I am not.  I continued googling for a bit after sending my email and stumbled upon a slide deck by Brian Bende.  I think my initial concern looking at it is that it seems to require schema knowledge.

For most of our data sets, we operate in a space where we have a handful of guaranteed fields and who knows what other fields the upstream provider is going to send us.  We want to operate on the data in a manner that is non-destructive to unanticipated fields.  Is that a blocker for using the RecordReader stuff?

On Fri, Aug 10, 2018 at 4:30 PM Joe Witt <joe.witt@gmail.com> wrote:

are you familiar with the record readers, writers, and associated processors?

i suspect if you make a record writer for your custom format at the end of the flow chain youll get great performance and control.


On Fri, Aug 10, 2018, 4:27 PM Benjamin Janssen <bjanssen1@gmail.com> wrote:
All, I'm seeking some advice on best practices for dealing with FlowFiles that contain a large volume of JSON records.

My flow works like this:

Receive a FlowFile with millions of JSON records in it.

Potentially filter out some of the records based on the value of the JSON fields.  (custom processor uses a regex and a json path to produce a "matched" and "not matched" output path)

Potentially split the FlowFile into multiple FlowFiles based on the value of one of the JSON fields (custom processor uses a json path and groups into output FlowFiles based on the value).

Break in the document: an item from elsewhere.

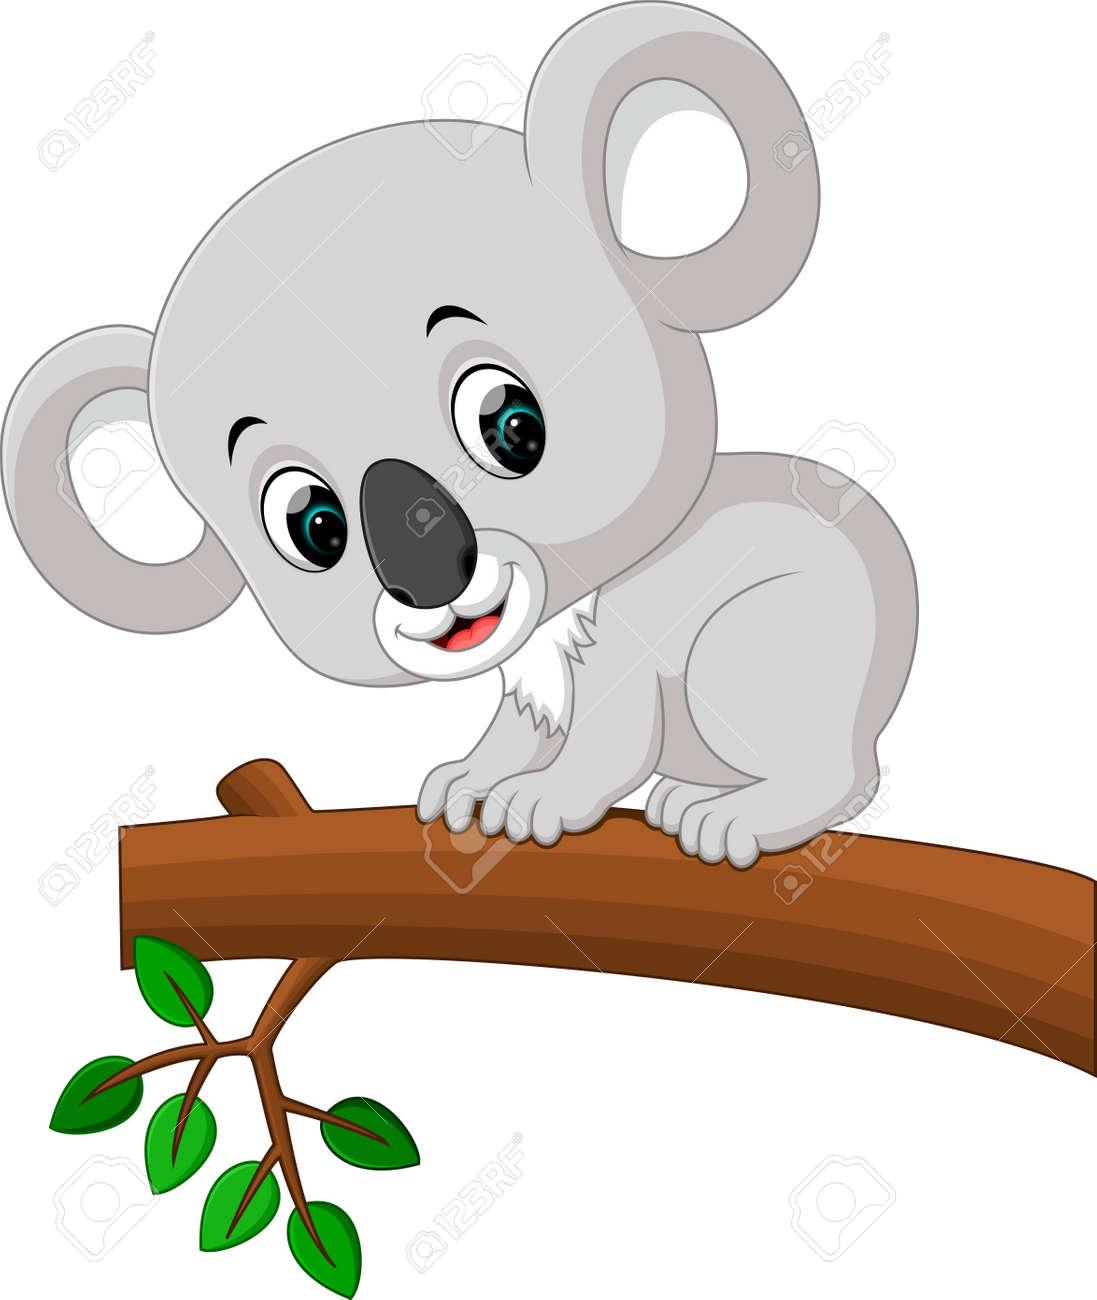 Dessin Anime Mignon Koala Banque D Images Et Photos Libres De Droits

Potentially split the FlowFile into uniformly sized smaller chunks to prevent choking downstream systems on the file size (we use SplitText when the data is newline delimited, don't currently have a way when the data is a JSON array of records)

Strip out some of the JSON fields (using a JoltTransformJSON).

At the end, wrap each JSON record in a proprietary format (custom processor wraps each JSON record)

This flow is roughly similar across several different unrelated data sets.

The input data files are occasionally provided in a single JSON array and occasionally as newline delimited JSON records.  In general, we've found newline delimited JSON records far easier to work with because we can process them one at a time without loading the entire FlowFile into memory (which we have to do for the array variant).

However, if we are to use JoltTransformJSON to strip out or modify some of the JSON contents, it appears to only operate on an array (which is problematic from the memory footprint standpoint).

We don't really want to break our FlowFiles up into individual JSON records as the number of FlowFiles the system would have to handle would be orders of magnitudes larger than it is now.

Is our approach of moving towards newline delimited JSON a good one?  If so, is there anything that would be recommended for replacing JoltTransformJSON?  Or should we build a custom processor?  Or is this a reasonable feature request for the JoltTransformJSON processor to support new line delimited json?

Or should we be looking into ways to do lazy loading of the JSON arrays in our custom processors (I have no clue how easy or hard this would be to do)?  My little bit of googling suggests this would be difficult.